E cada jovem das roças sabe que a madeira mais nobre e mais sólida tem os menores anéis, que no alto das montanhas e em perigo permanente são as árvores mais indestrutíveis, mais fortes, mais ideais, que crescem.

Quem sabe como falar com elas, e quem saber ouvi-las, pode aprender a verdade.

Elas não pregam a aprendizagem ou preceitos.

Elas pregam, sem se abalar, a antiga lei da vida.

Uma árvore diz: um núcleo está escondido em mim, uma faísca, um pensamento, eu sou a vida da vida eterna.

A tentativa e o risco que a mãe eterna tomou comigo é único, exclusivas as formas e as veias da minha pele, único também a menor das folhas em meus galhos e a menor cicatriz da minha casca.

Eu fui criada para formar e revelar o eterno em cada um dos meus pequenos detalhes.

Uma árvore diz: minha força é a confiança.

Não sei nada sobre meus pais, eu não sei nada sobre as milhares de crianças que a cada primavera nascem de mim.

Eu vivo o segredo da minha semente até o fim, e eu não me importo com nada além disso.

Eu confio que Deus está em mim.

Eu confio que o meu trabalho é sagrado.

É dessa confiança que eu vivo.

Quando somos feridos e não podemos mais suportar nossas vidas, então a árvore tem algo a nos dizer: atenção!

Atenção!

Olhe para mim!

A vida não é fácil, a vida não é difícil.

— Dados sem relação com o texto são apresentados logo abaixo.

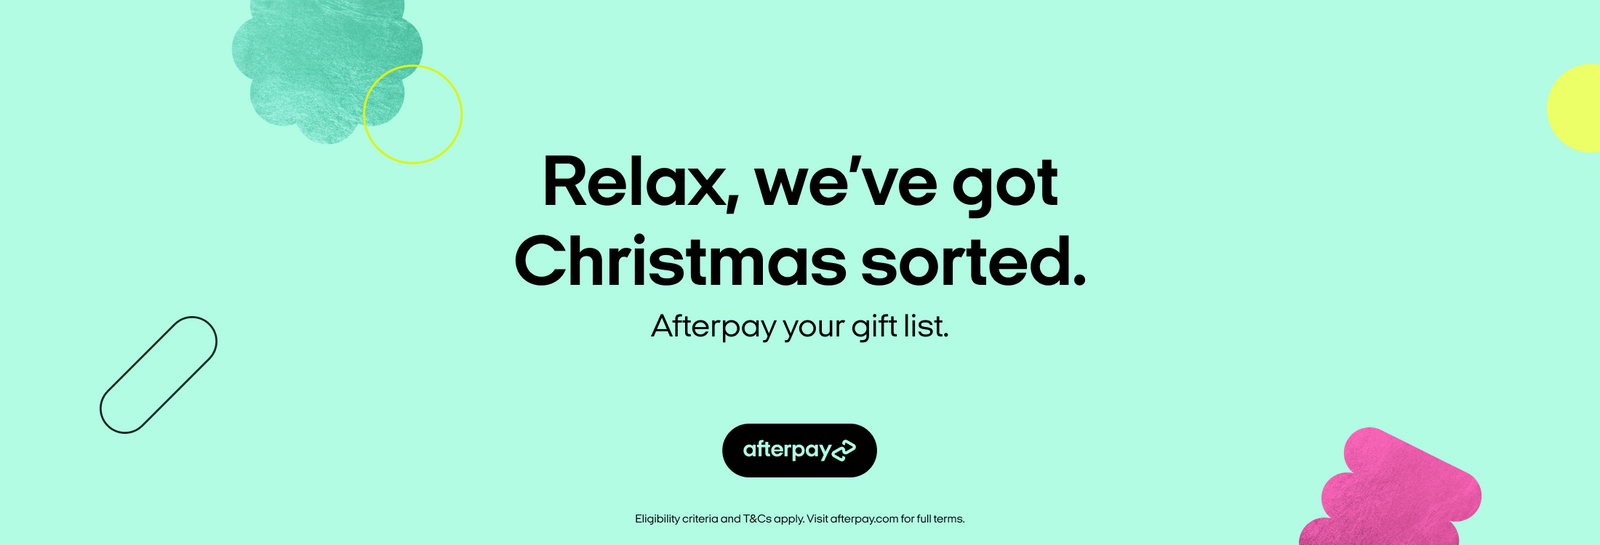 Afterpay Christmas Gifts

Esses são pensamentos infantis.

Deixe Deus falar dentro de você e seus pensamentos irão crescer em silêncio.

Você está ansioso porque o seu caminho conduz para longe da mãe e do lar.

Mas cada passo e cada dia o levam de volta para a mãe.

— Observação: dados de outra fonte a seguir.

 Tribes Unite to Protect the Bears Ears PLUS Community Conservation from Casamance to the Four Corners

O lar não está aqui nem lá.

Ou o lar está dentro de você, ou o lar não está em lugar algum.

Uma ânsia para vagar arranca lágrimas do meu coração quando ouço as árvores farfalhando ao vento durante a noite.

Se alguém ouve em silêncio por um longo tempo, esse desejo revela o seu núcleo, o seu significado.

Não é tanto uma questão de escapar de um sofrimento, embora possa parecer assim.

É uma saudade de casa, de uma memória da mãe, de novas metáforas para a vida.

Isso o leva para casa.

Cada caminho leva em direção a casa, cada passo é o nascimento, cada passo é a morte, cada túmulo é a mãe.

Assim, a árvore sussurra à noite, quando estamos inquietos diante dos nossos próprios pensamentos infantis: árvores têm pensamentos longos, uma respiração longa e tranquila, assim como elas têm uma vida mais longa que a nossa.

Elas são mais sábias do que nós, enquanto nós não as ouvirmos.

Mas quando aprendemos a ouvir as árvores, a brevidade e a rapidez e a pressa infantil de nossos pensamentos alcançam uma alegria incomparável.

Quem aprendeu a escutar as árvores já não quer ser uma árvore.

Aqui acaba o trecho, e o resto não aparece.